Let's keep in mind some other factors that will make reality a bit
nicer:

 * There's a GNOME release only every 6 months, so a non-negligible
   part of our doc will have to be updated only twice a year, instead
   of every 3 months. I bet many of our screenshots are part of
   this lot.
 * Our test suite can help identify the doc bits that need an update:
   either text-based instructions (when our tests use dogtail), or
   screenshots (when our tests use picture recognition). There are
   a few ways we could boost this beneficial factor as we go e.g.:
   - add automated tests specifically about things we document;
   - add steps to our existing tests to validate the screenshots we
     have in our documentation.

### Summary

Looking at the data we have, my (intrigeri) general feeling is rather
positive but I was sold to this idea from the beginning, so let's be
clear: I'm biased :)

Now, I feel we haven't gathered enough data during the Stretch cycle
to make a final decision wrt. starting to track Buster in 2018-01 or
not: particularly in the doc and security support areas, we have very
little data about _continuously_ adapting to a moving target.

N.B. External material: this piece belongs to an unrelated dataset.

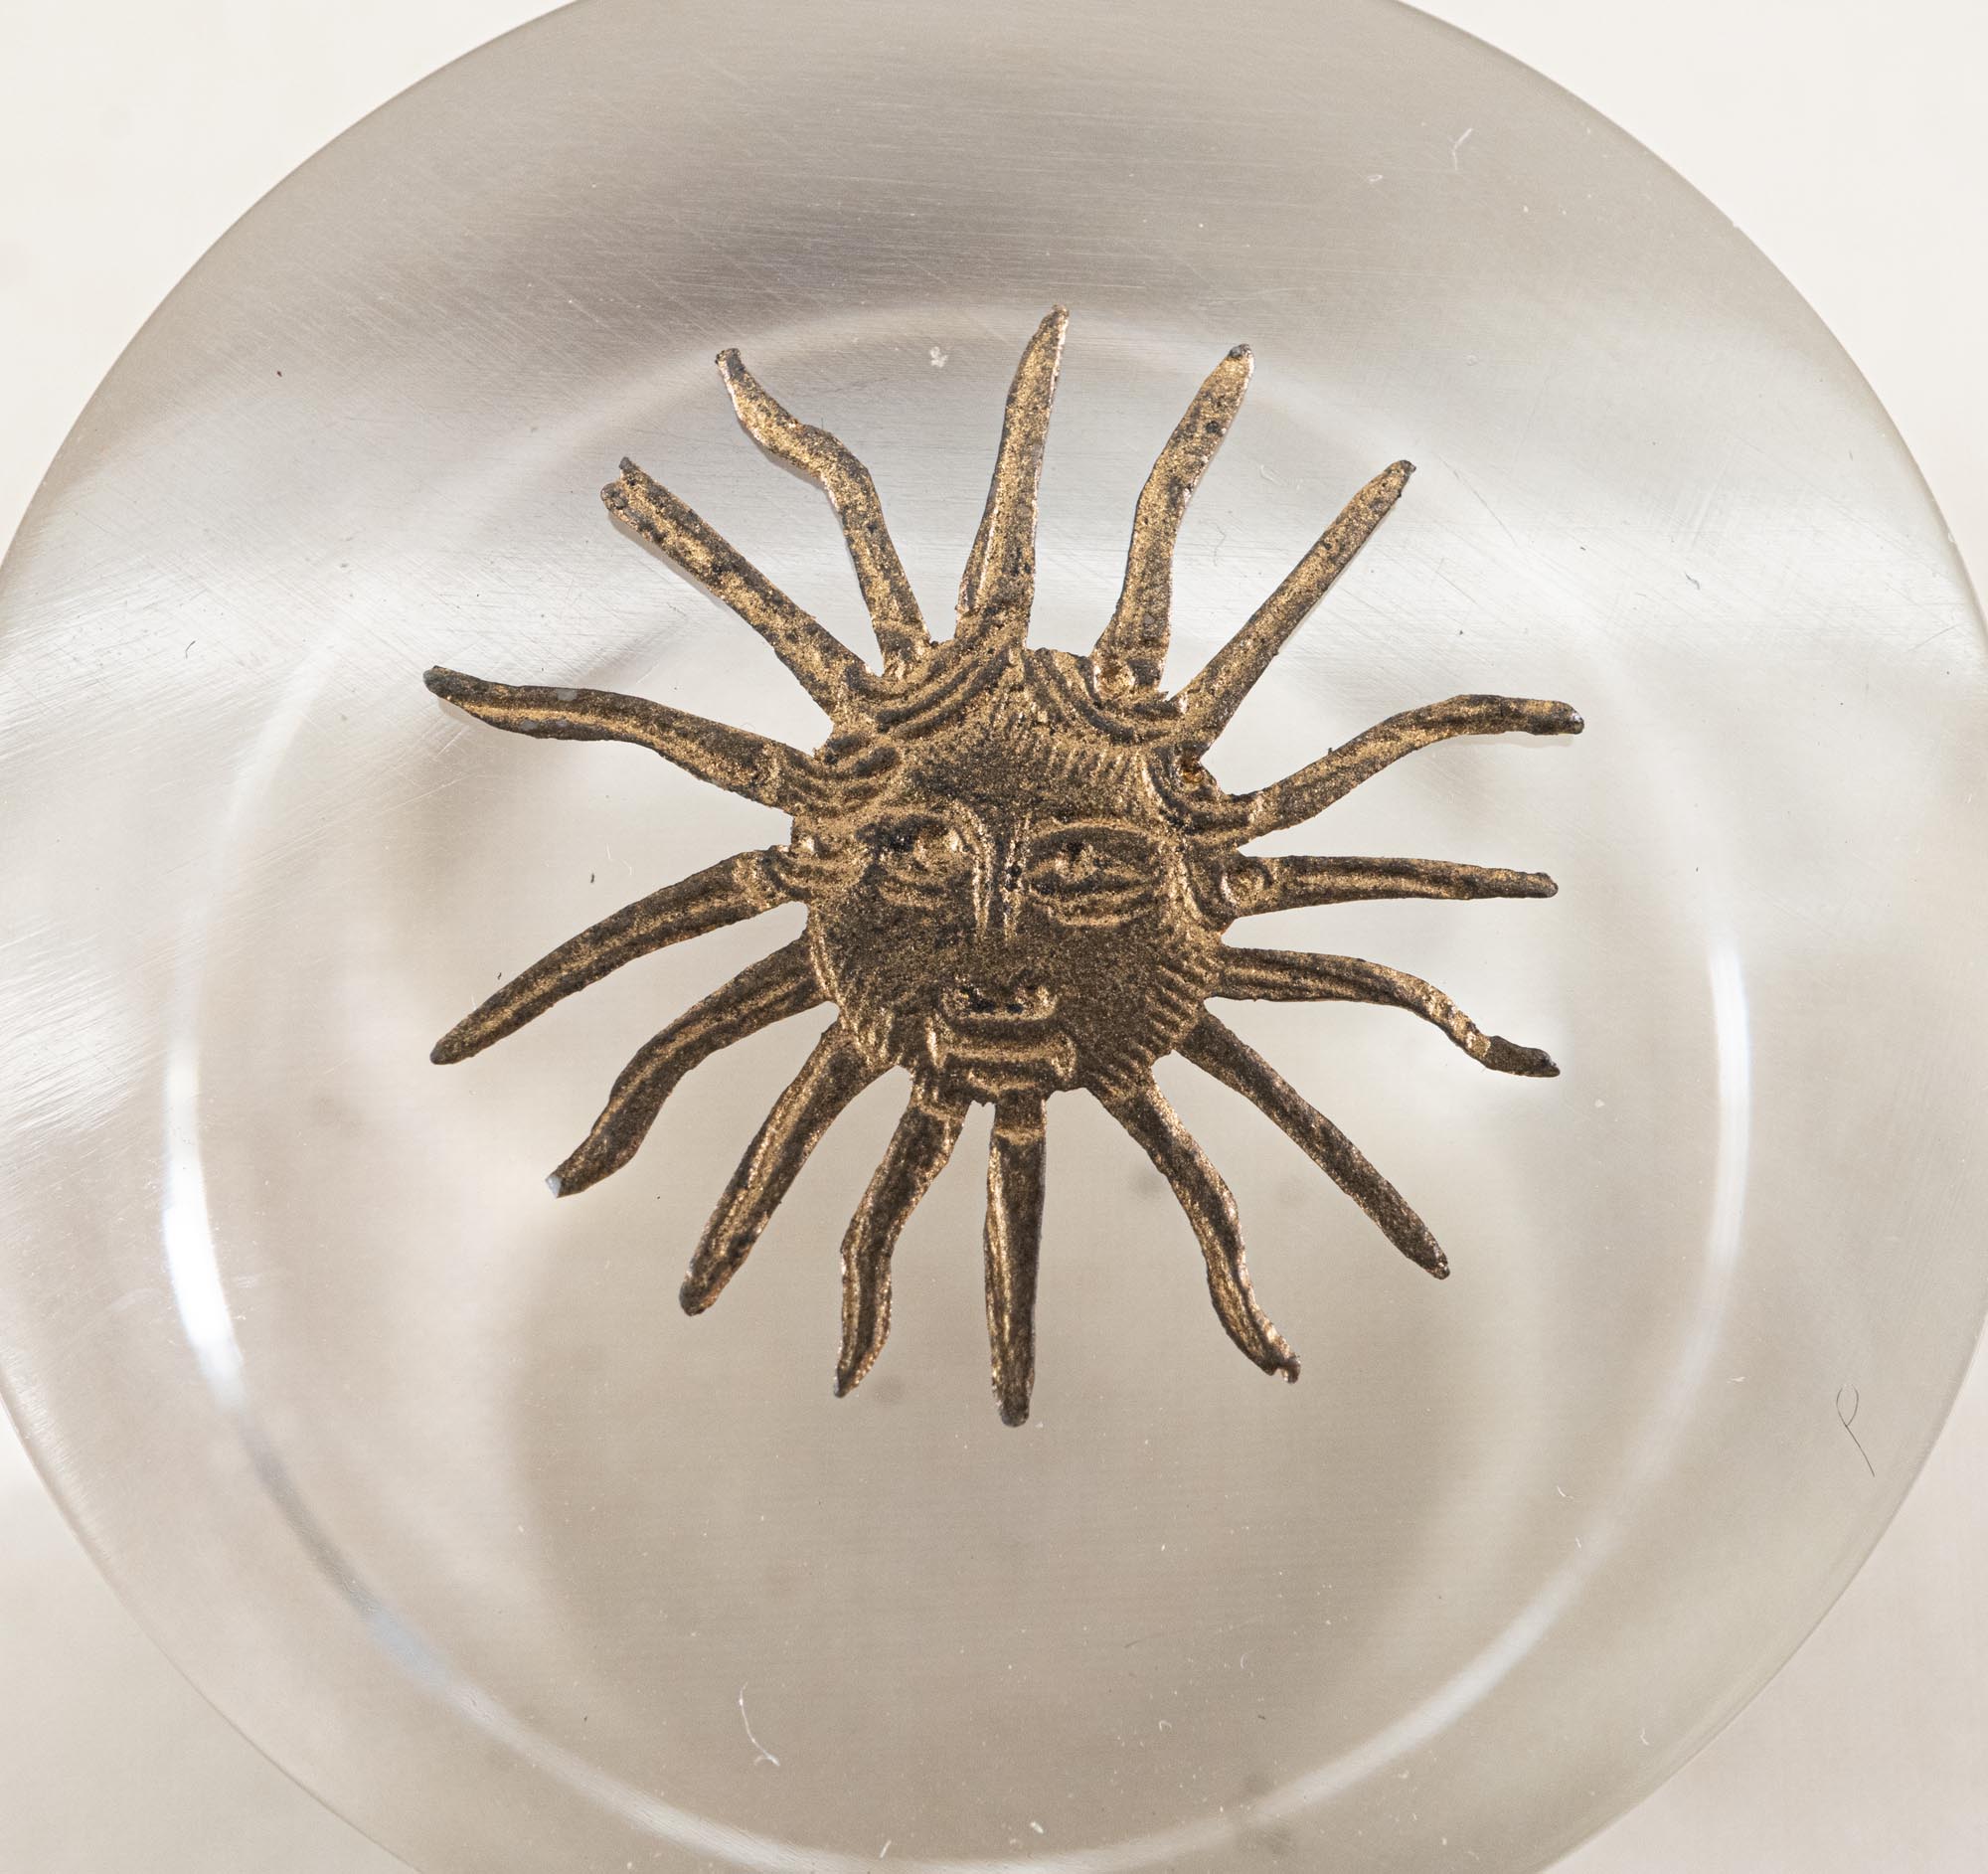 The Sun King symbol was part of the royal emblem of King Louis XIV. Museum of the Coastal Bend Victoria, TX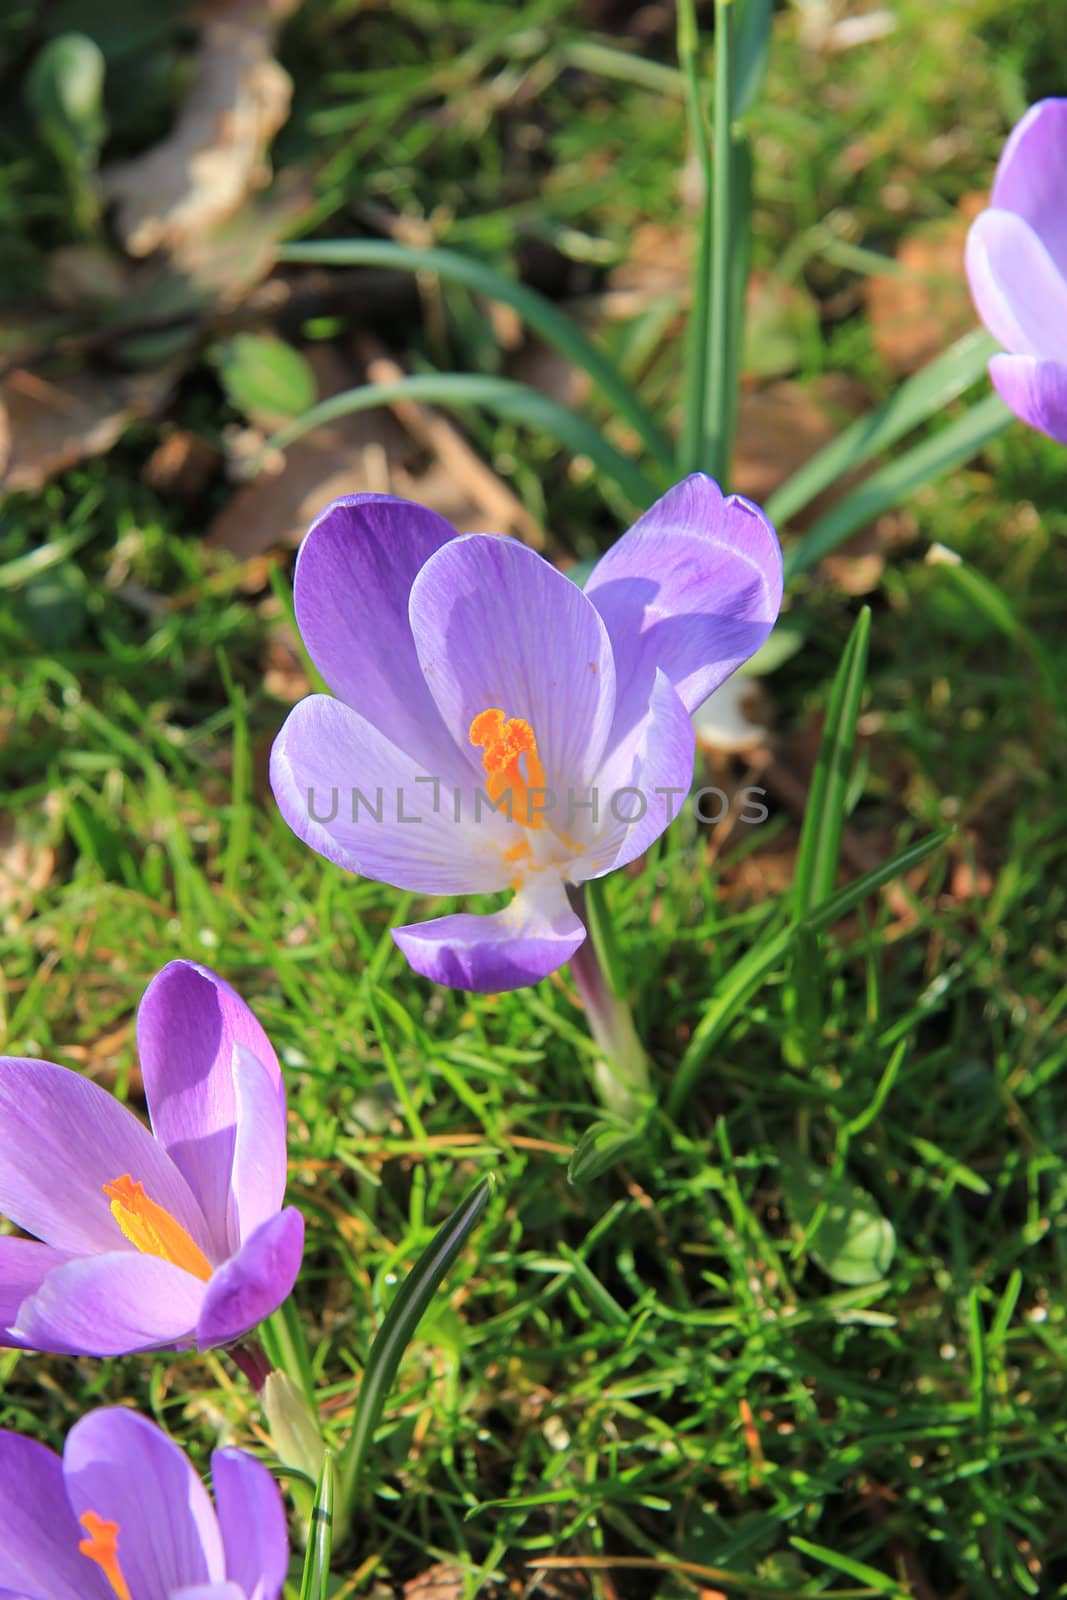 A couple of crocuses in the early spring sun

But I think we do have enough data to decide at the summit something
like "if X happens by the end of November and takes us less than
Y days, then we'll go ahead and switch to Buster in 2018-01".
Worst case we'll suffer for a year until Buster is frozen, and then we
won't try again before fixing some pre-conditions we'll have
identified during our failed first try.

I think the only way we can gather the missing data, and check if "X
happens" and whether it takes "less than Y days", is to have sprints
in 2017-10 or 2017-11, and actually port most of our code, test suite
and documentation to Buster. We could take some shortcuts though, e.g.
by estimating the amount work needed instead of doing it, when we feel
very confident we can come up with a realistic estimate.

It'll be impossible to have all these kinds of work done in parallel
during one single sprint though; the best process I can think of is to
serialize the tasks like this:

1. 3 days: make the ISO build and boot (anonym + intrigeri)
2. 3 days: loop over "port some of the test suite, fix regressions in
   our code to make the ported tests pass" (anonym + intrigeri)
3. 1 day: give our technical writers a list of software that has
   changed in a way that may affect our documentation, so they can
   update it (anonym + intrigeri)
4. 3 days: update the doc (sajolida & his amazing tech writing band)

If we eventually decide to postpone our migration to Stretch, some of
this work will be wasted, and hopefully some won't. To minimize the
amount of wasted work in the worst case, we should be ready to give up
in the middle of the afore-described process, if we notice it's going
to take us more time than "Y days".

While doing this we should carefully gather the data we did not get
during the Stretch cycle, in particular:

1. How would we address security issues fixed in sid but not in
   testing? (see the "Stretch cycle" section for details)
2. How can developers convey to technical writers what changes may
   affect the documentation? (see ideas in the "Documentation" section
   above)
3. Thanks to #2, can we identify what piece of doc needs updating
   _without_ having to test the entire documentation every
   three months?

When deciding what X and Y should be, and when analyzing how the
experiment went, we shall keep in mind that Debian testing changes _a
lot_ when the gates open after the freeze. It's not exactly the time
when it's the most reliable, even though there's been big progress in
this area. And there are lots of library transitions going on, that
could be painful for us, even though there's been big progress here as
well. In other words, the delta between Stretch and "Buster in
October" will be substantially bigger than what will happen during the
next 3-months cycles, and the porting work will be close to the
maximum one can expect during these 3-months cycles.